Figure shows learning curves after all reversals (A), reversals to high reward probability uncertainty (B), and reversals to low reward probability uncertainty (C) for the whole sample. Vertical black lines divide learning into early and late stages as suggested by the Bai-Perron multiple break point test. Paired-sample t-test revealed no drug related difference for all reversals during early learning (0.72 (0.01) vs. 0.72 (0.01); t(108) = –0.02, p = 0.98, d < 0.01) and late learning (0.83 (0.01) vs. 0.84 (0.01); t(108) = –0.80, p = 0.42, d = 0.04). Similarly, there was no significant differences in both learning stages for reversals to low reward probability certainty stimuli (early learning PLA vs MPH: 0.68 (0.01) vs. 0.69 (0.01); t(108) = –0.92, p = 0.35, d = 0.08; late learning PLA vs MPH: 0.80 (0.01) vs. 0.81 (0.01); t(108) = –1.48, p = 0.14, d = 0.10) or to low reward probability certainty stimuli (early learning PLA vs MPH: 0.74 (0.01) vs. 0.73 (0.01); t(108) = 0.87, p = 0.38, d = 0.06; late learning PLA vs MPH: 0.85 (0.01) vs. 0.85 (0.01); t(108) = –0.02, p = 0.97, d < 0.01).
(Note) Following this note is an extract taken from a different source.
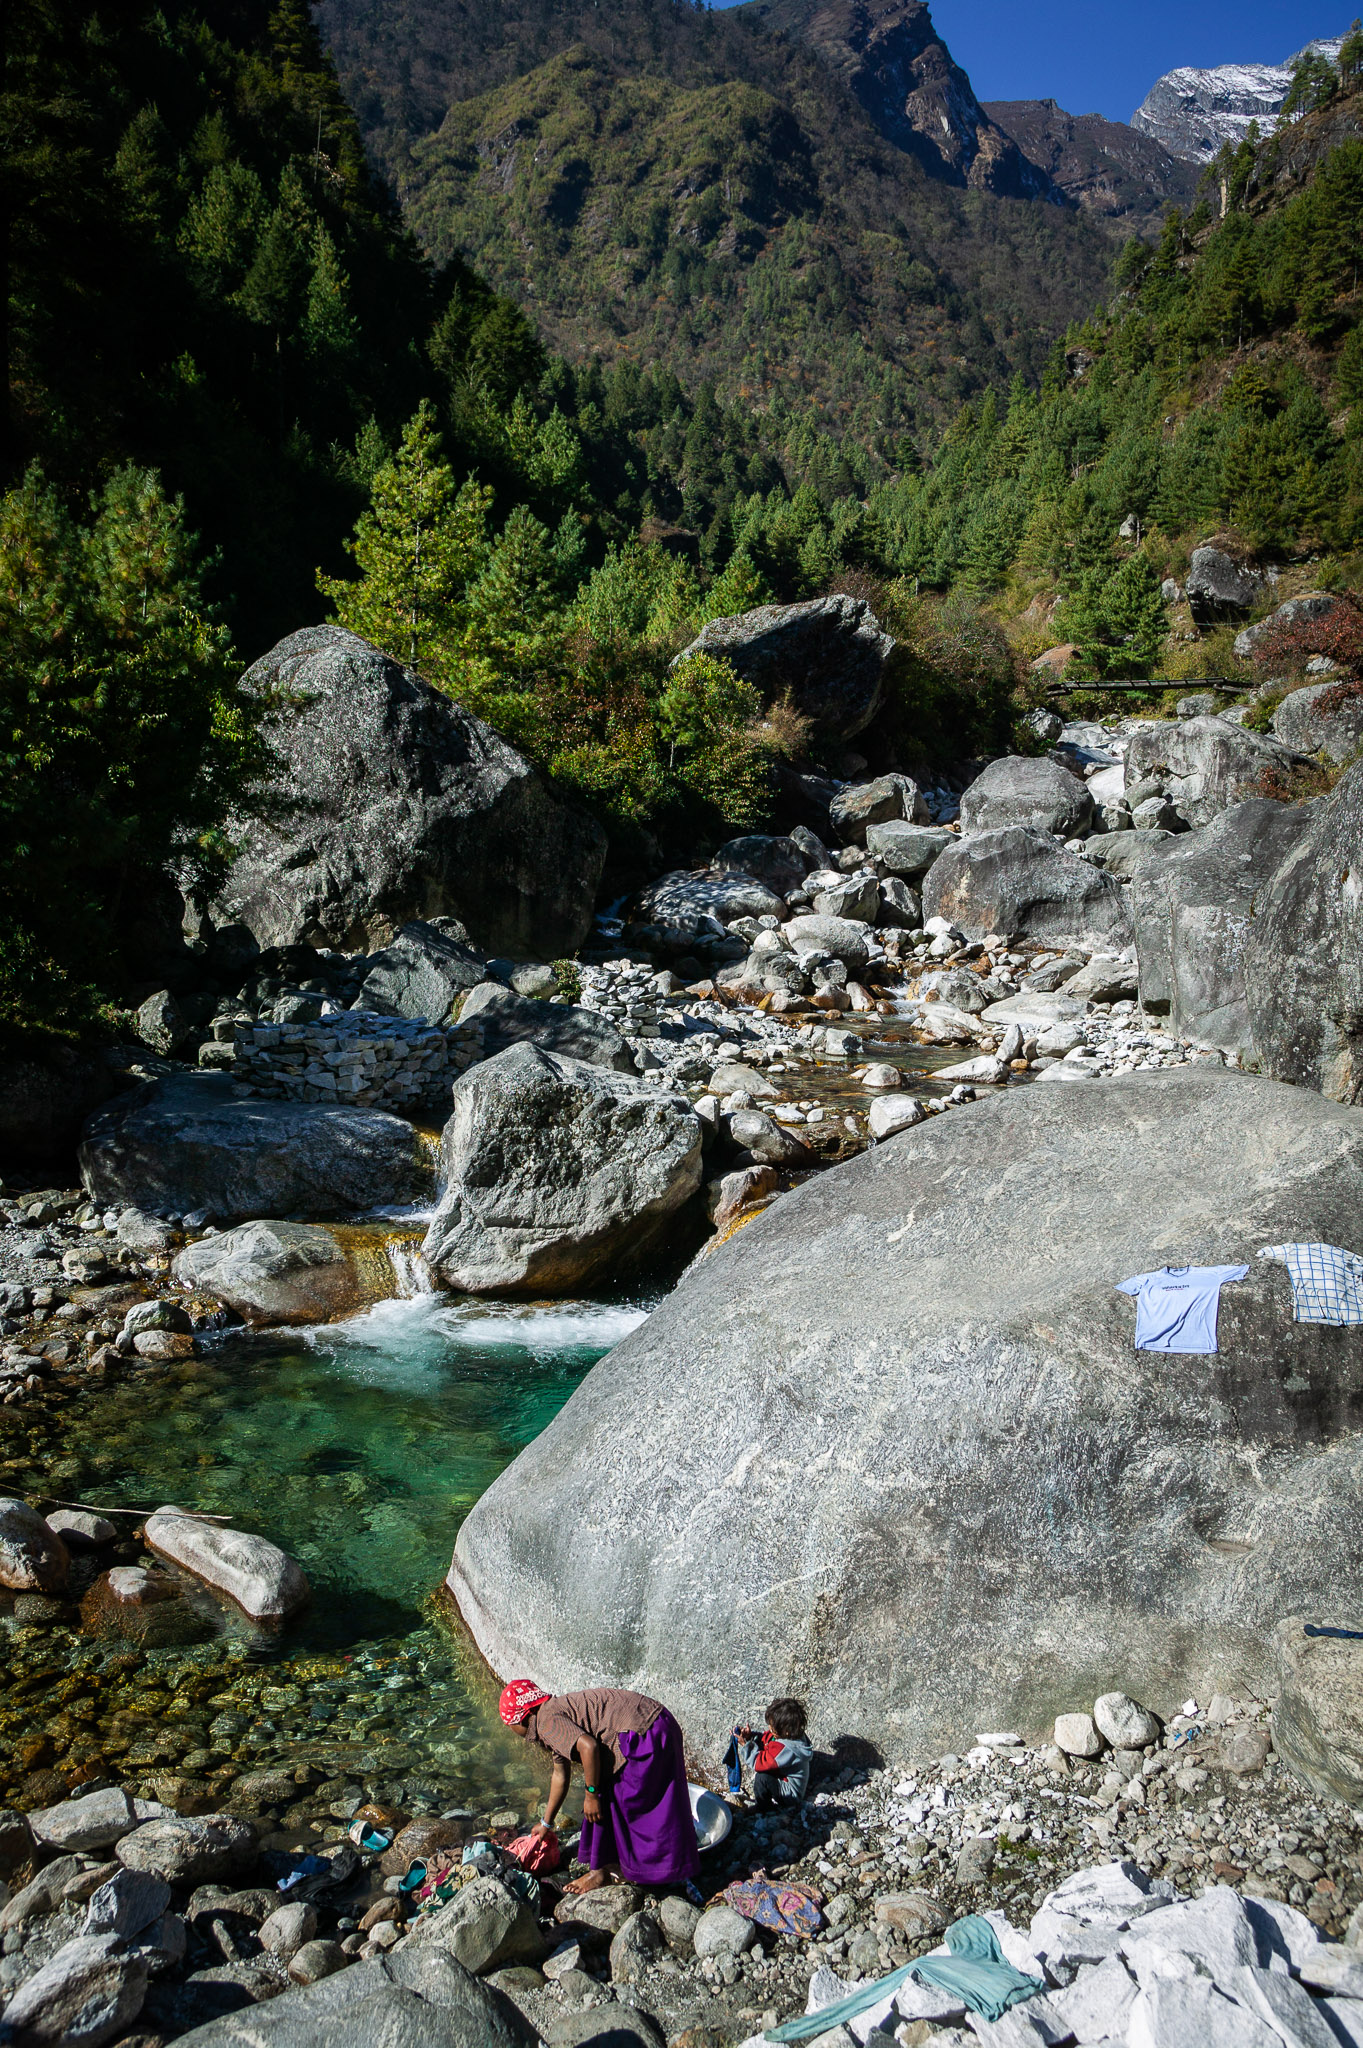 Passing laundry on way to Lukla

Mixed effect ANOVAs that controlled for session order effects and whether participants performed the orientation session revealed no significant effects (all p > .06). Note. PL = Placebo; MA = methamphetamine.

Learning curves after reversals full sample.

(A) Here we compare MPHs effect on best-fitting parameters of the winning model in the full sample (n = 109). We found that eta (i.e., the weighting of the effect of the abs. reward prediction error on learning) was reduced under MPHs (eta MPH: 0.23 (0.01) vs. PLA 0.29 (0.01); t(108) = –3.05, p = 0.002, d = 0.40). Mixed effect ANOVAs that controlled for session order effects and whether participants performed the orientation session revealed this effect did not depend on these cofounds. No other condition differences emerged. (B) Learning rate trajectories after reversal derived from the computational model. As in the reduced sample MPH appears to be associated reduced learning rate dynamics in the full sample too. Specifically, variability in learning rate (average individual SD of learning rate) tended to be reduced in the MPH condition both during early and late stages of learning across all reversals (early PLA: 0.19 (0.01) vs. 0.18 (0.01); t(108) = 1.89, p = 0.06, d = 0.24; late PLA: 0.17 (0.01) vs. MPH: 0.16 (0.01); t(108) = 1.77, p = 0.08, d = 0.23) and reversals to high reward probability uncertainty (early PLA: 0.18 (0.01) vs. 0.16 (0.01); t(108) = 1.74, p = 0.08, d = 0.22; late PLA: 0.18 (0.01) vs. MPH: 0.16 (0.01); t(108) = 1.82, p = 0.07, d = 0.24). Condition differences became most evident in reversals to low reward probability uncertainty (early PLA: 0.19 (0.01) vs. MPH: 0.16 (0.01); t(108) = 2.18, p = 0.03, d = 0.28; late PLA: 0.18 (0.01) vs. MPH: 0.16 (0.01); t(108) = 1.93, p = 0.05, d = 0.24). Control analyses revealed that these effects were independent of session order and orientation session. Note. PL = Placebo; MA = methamphetamine.